For a business there is a difference between cash flow and tax profit/loss calculations. If you buy a $50,000 car, it is listed on your balance sheet as an asset and it goes down in value over time on the balance sheet. During that time, you are hopefully getting more value from the car than the amount of asset you are losing. From a cash flow point of view you spent the money when you bought it. The money needed to be in your checking account. But, your company is not allowed to "expense" (write-off) the car as a business expense all in that first year because it still has value on your asset sheet.
The idea is to show the profitability of your company more accurately. You end up getting to write-off the entire $50,000 from your profit, but you do it a little bit each year.
One of the provisions of the Bush 2001 and 2002 tax bills was the ability to accelerate depreceiation on business purchases (to allow you to capture the business costs sooner and encourage people to buy things for their business and stimulate the economy. And it worked.
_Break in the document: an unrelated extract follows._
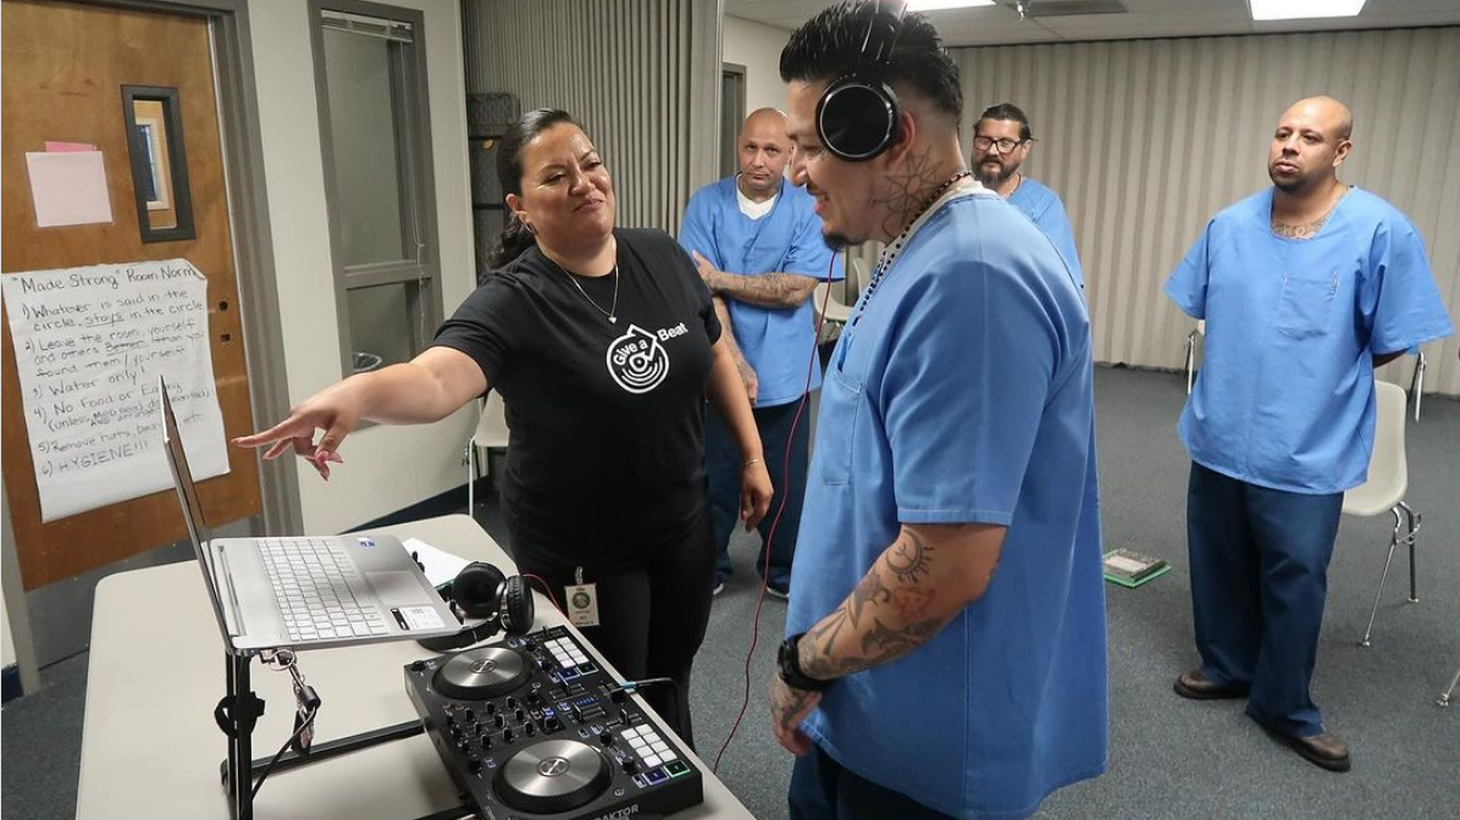 Angela “Spiñorita” Ramirez works with students at the California Rehabilitation Center. “Getting to know these guys and sharing music has been the biggest highlight of my year,” she says.

Hope this helps. I just tell my accountant each year what I spent on capital expenses and when they were put into service, and he sticks them in the software and it spits out the proper depreciation on the corporate tax returns.
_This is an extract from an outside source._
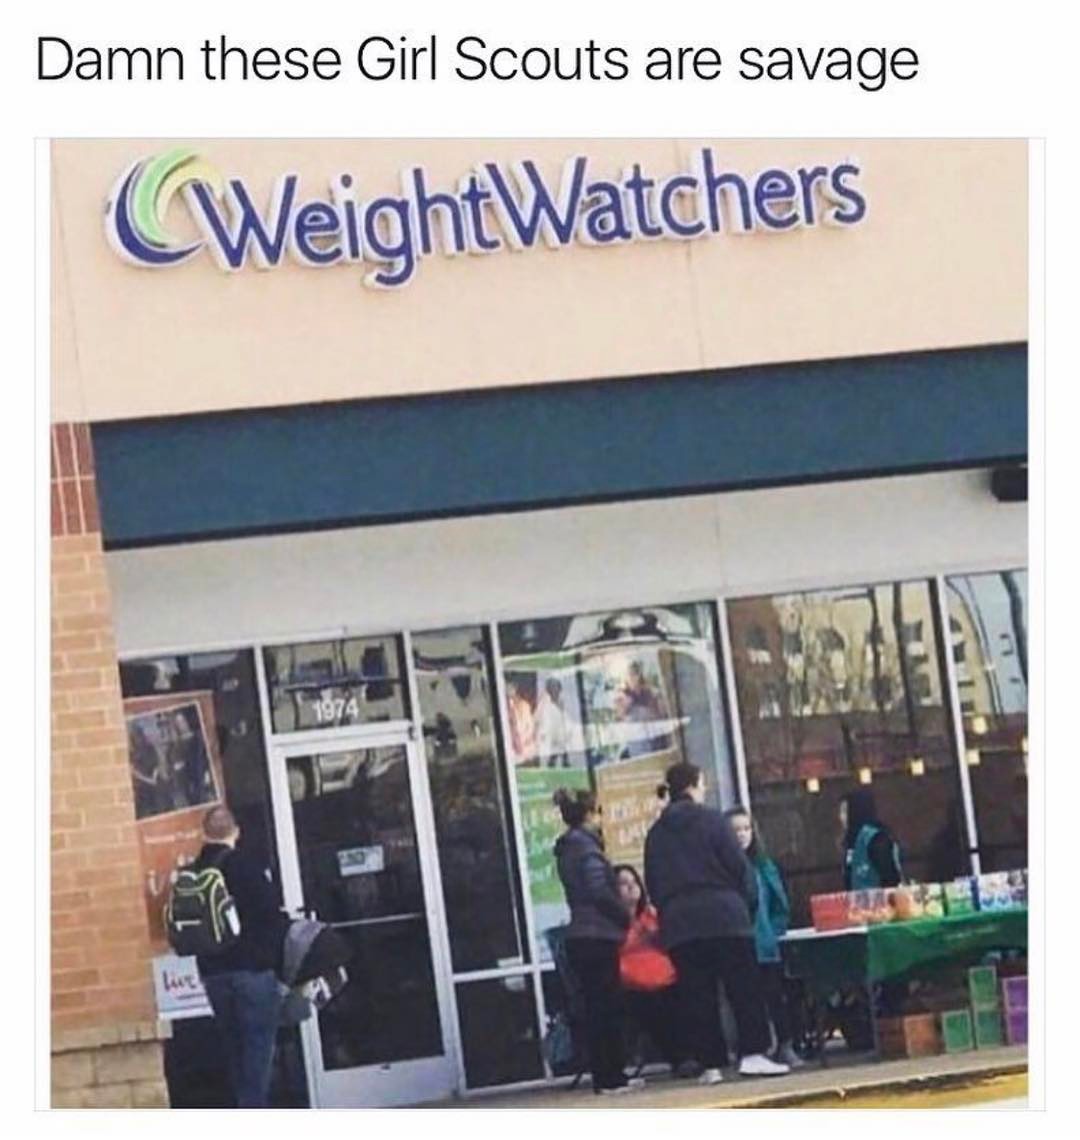 Damn these Girl Scouts are savage.

The opposite is actually true. You currently lease because the depreciation rules on autos limits the amount you can depreciate a year. Under a lease, you can expense every penny you spend on it. The rule is dumb. It was intended to stop people from buying $50,000 BMWs and depreciate them as a business expense. But now what is considered luxery is a Ford Escort. Then again, there were great rules last year that allowed you do immediately depreciate giant SUVs.
Actually I don't see that your question was answered, but under the FairTax, there is no such concept as "depreciation" required for tax purposes (since income is not taxes) and you are free to make the business decision of expensing an acquisition as meets the needs of your business the best - in your view.
That's one of the marvelous aspects of the FairTax ... it's called FREEDOM.